* PROBLEM TO SOLVE *
Transcribe the data in full and exactly, omitting any pictures.

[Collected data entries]
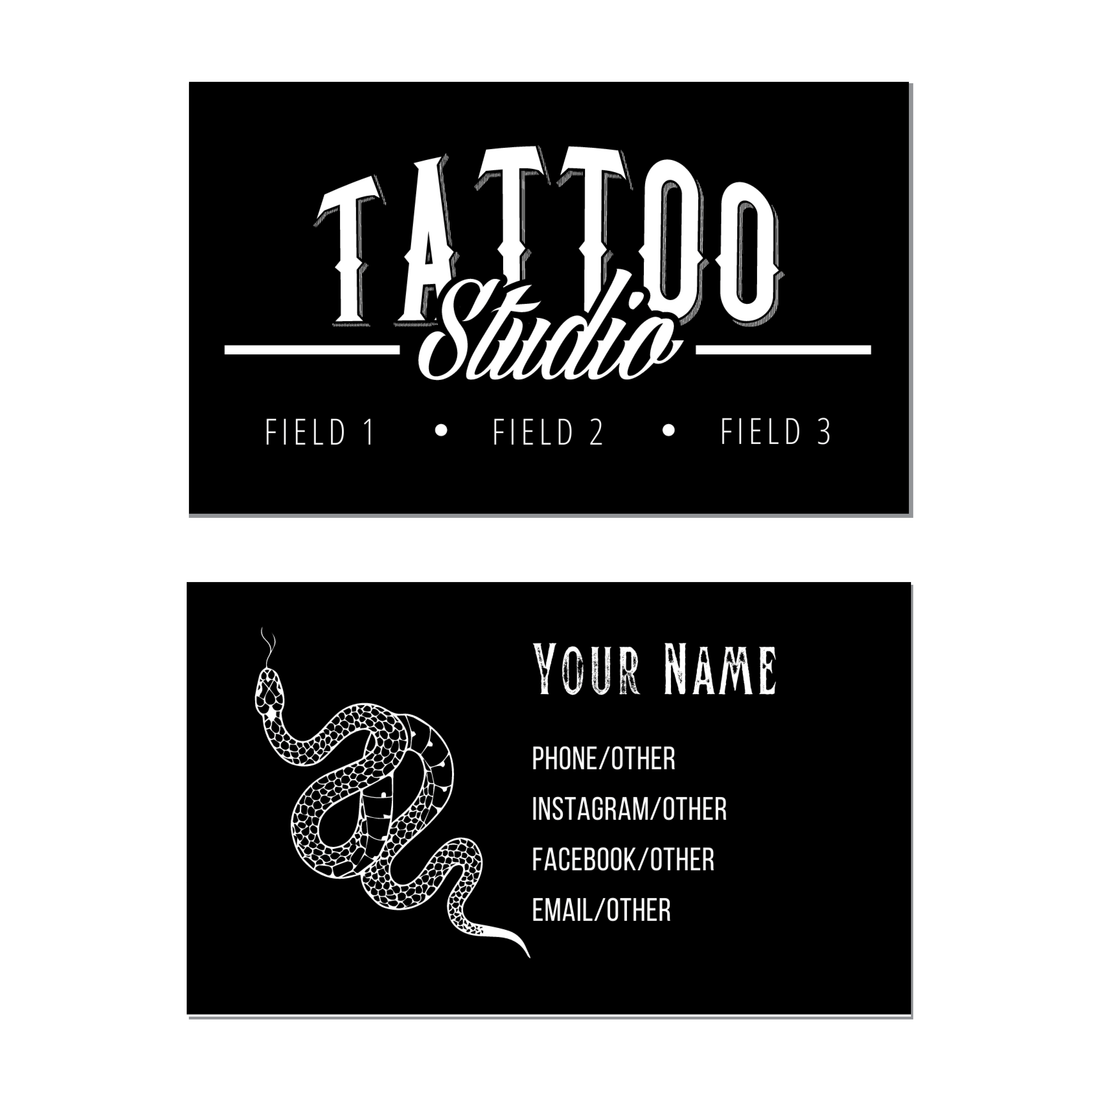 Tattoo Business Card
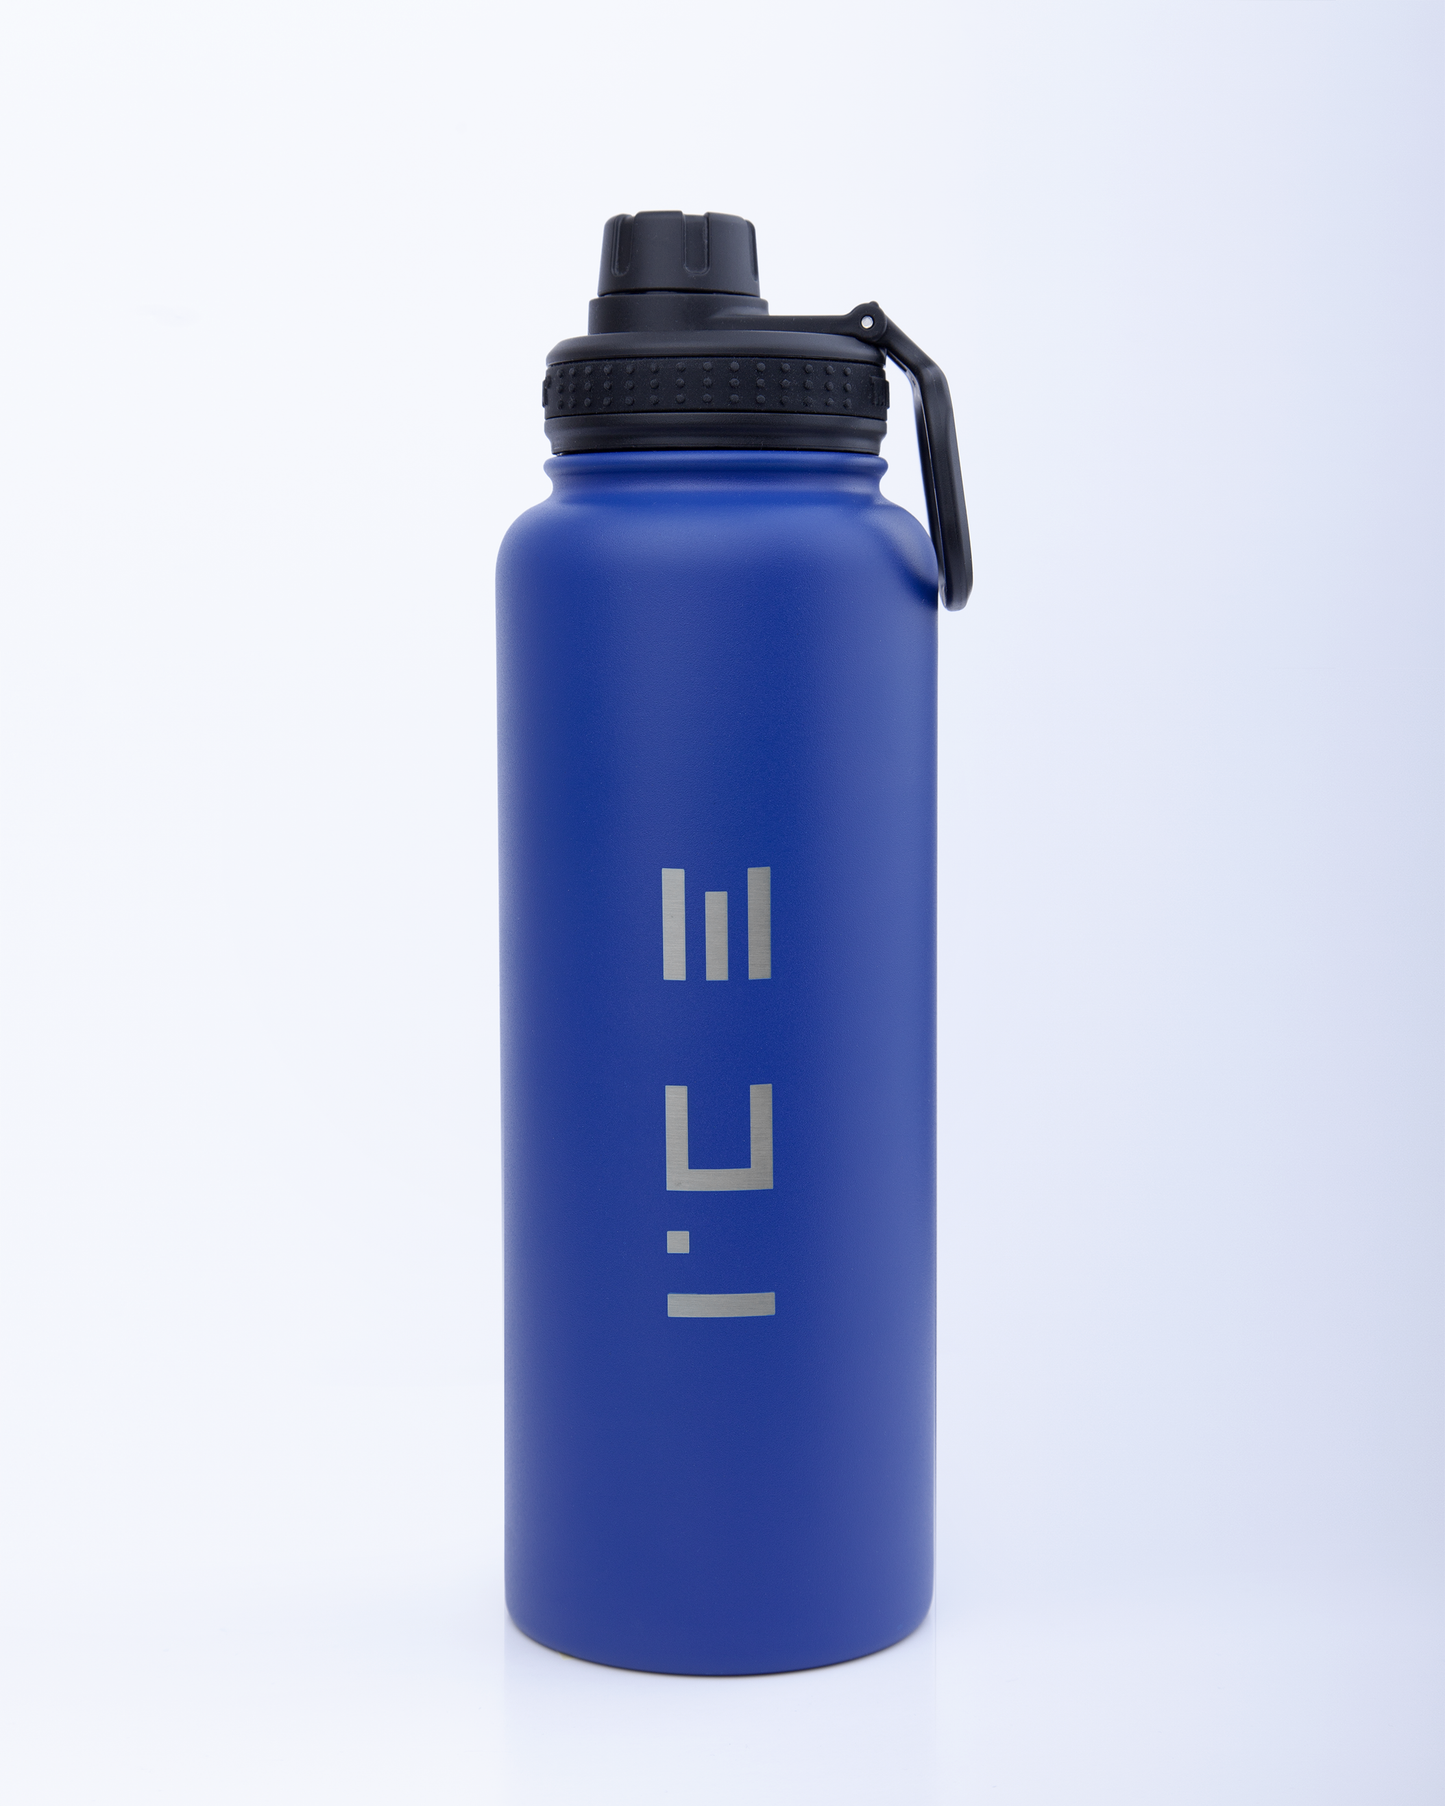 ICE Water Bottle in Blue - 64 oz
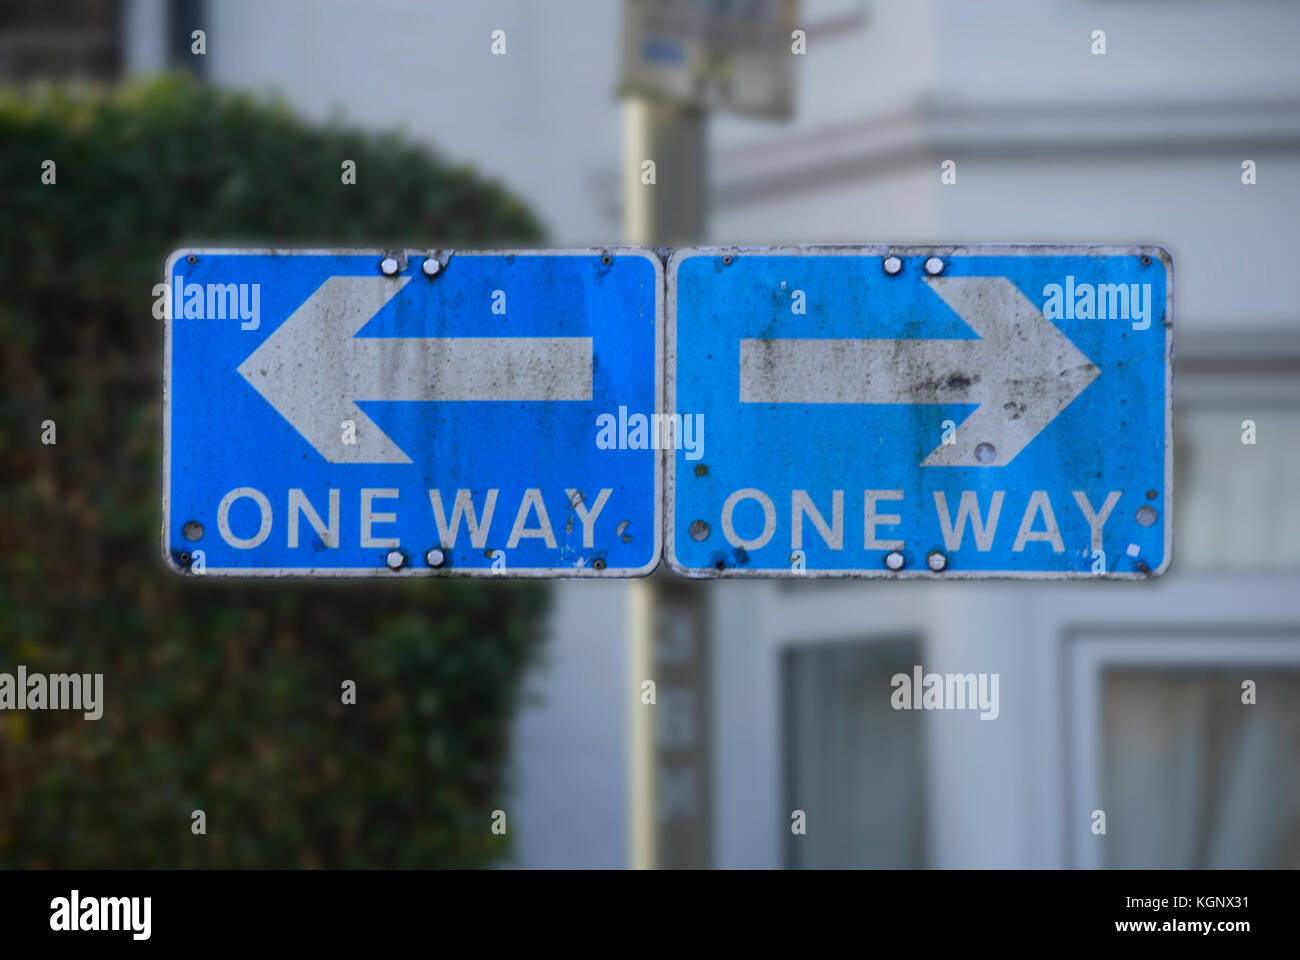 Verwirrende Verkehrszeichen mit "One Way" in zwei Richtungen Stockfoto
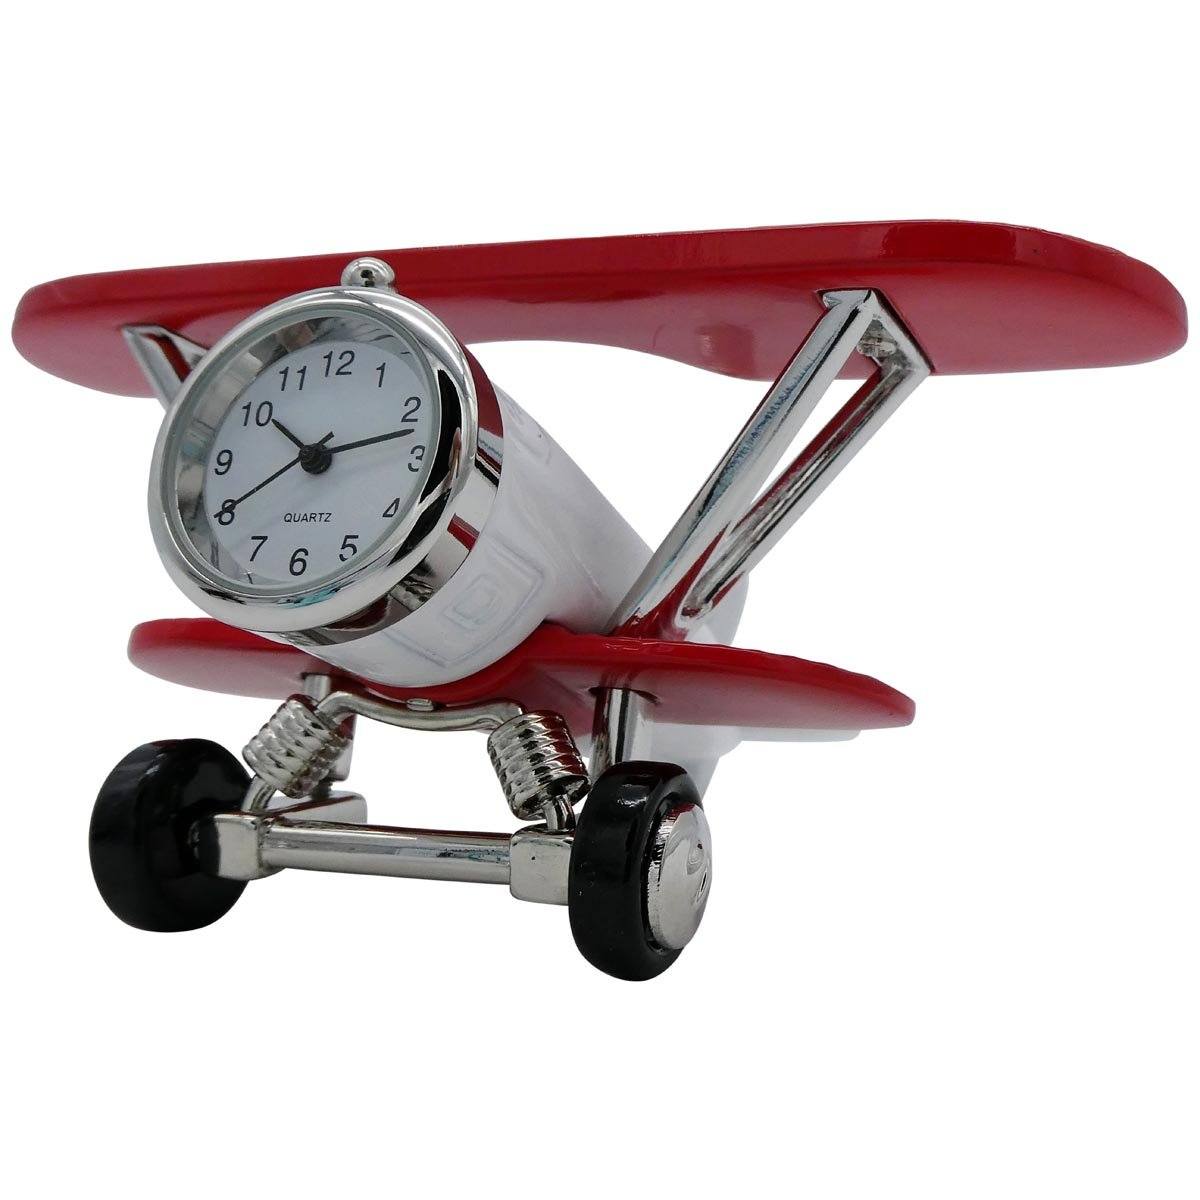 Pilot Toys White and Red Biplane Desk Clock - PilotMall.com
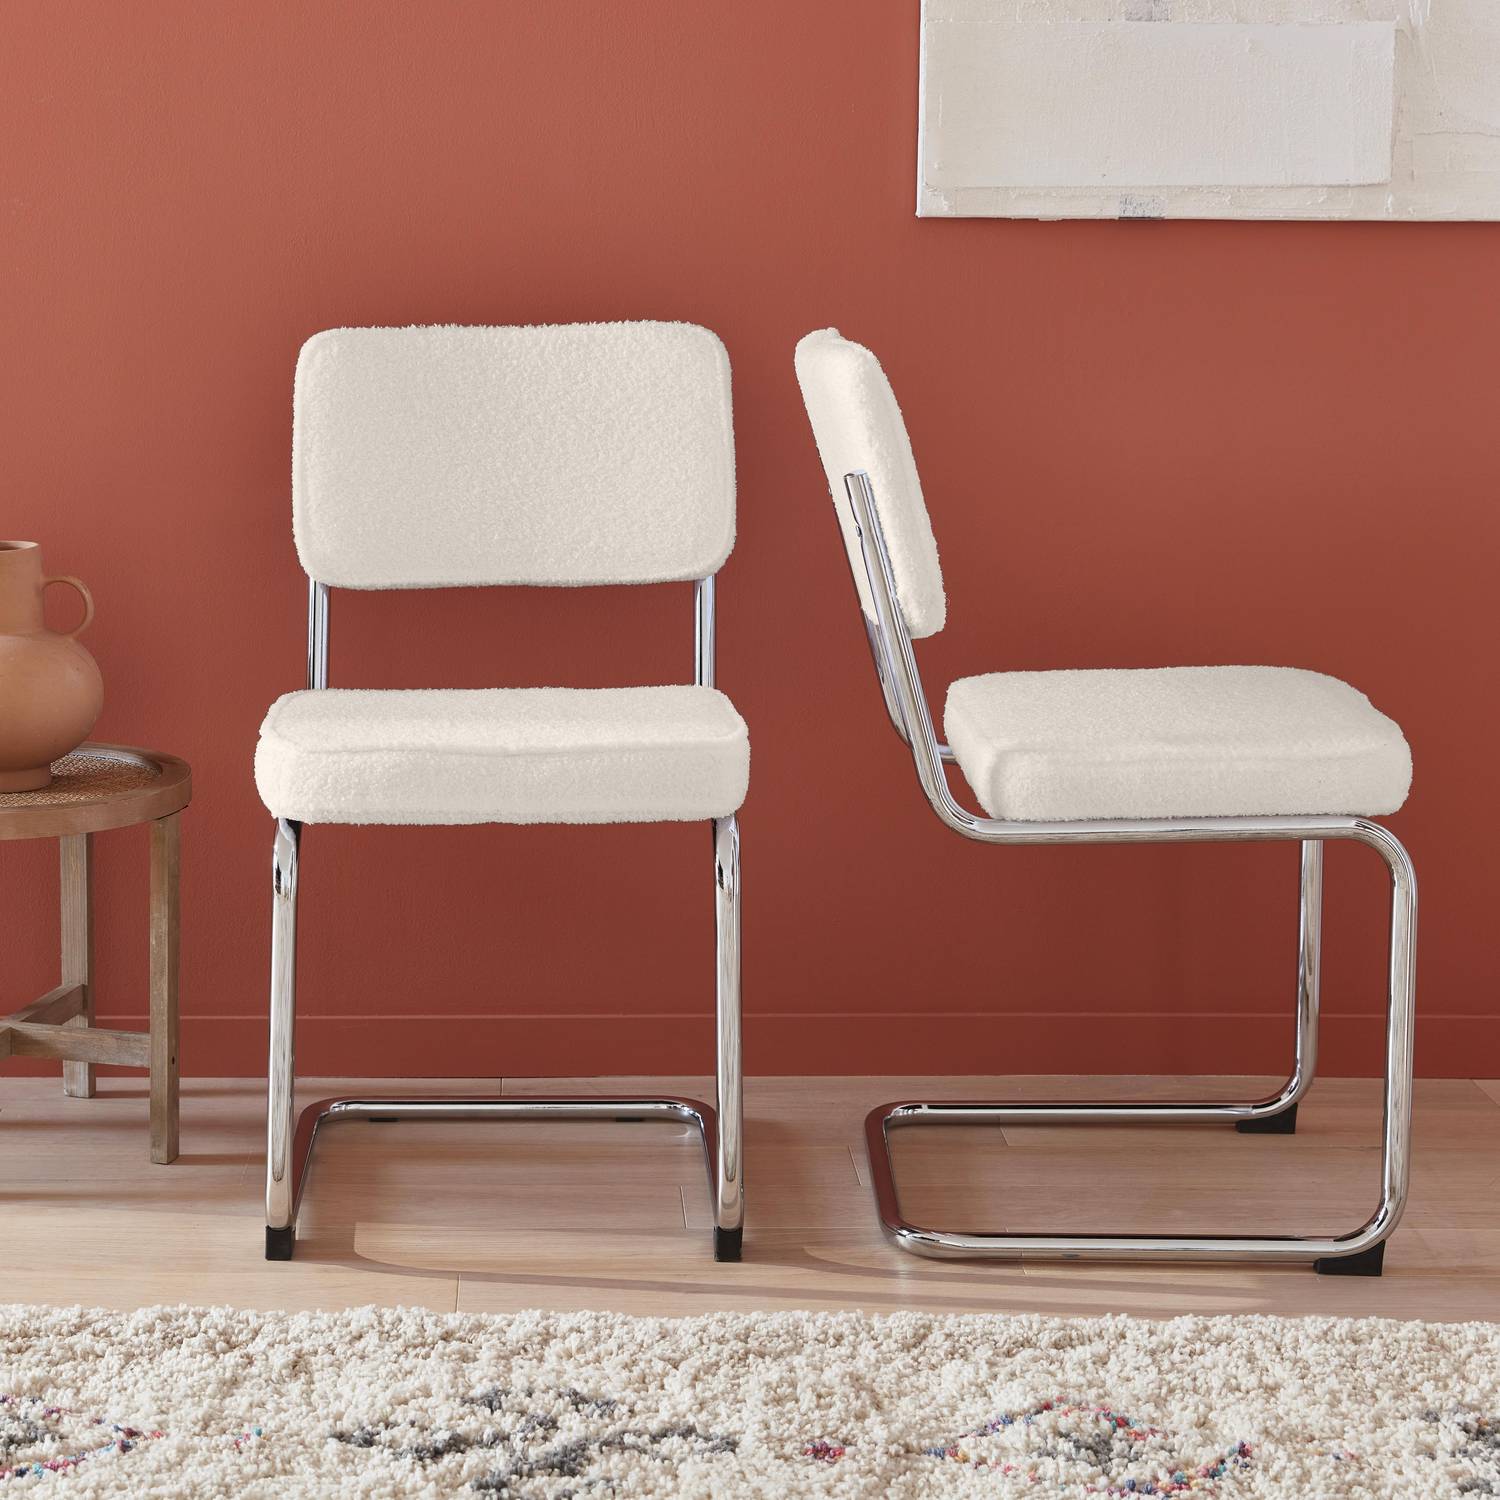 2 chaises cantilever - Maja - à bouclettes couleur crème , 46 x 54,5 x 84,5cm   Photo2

* FINISHED TASK *
 Tattoo Business Card
 ICE Water Bottle in Blue - 64 oz
 Verwirrende Verkehrszeichen mit "One Way" in zwei Richtungen Stockfoto
 Pilot Toys White and Red Biplane Desk Clock - PilotMall.com
 2 chaises cantilever - Maja - à bouclettes couleur crème , 46 x 54,5 x 84,5cm   Photo2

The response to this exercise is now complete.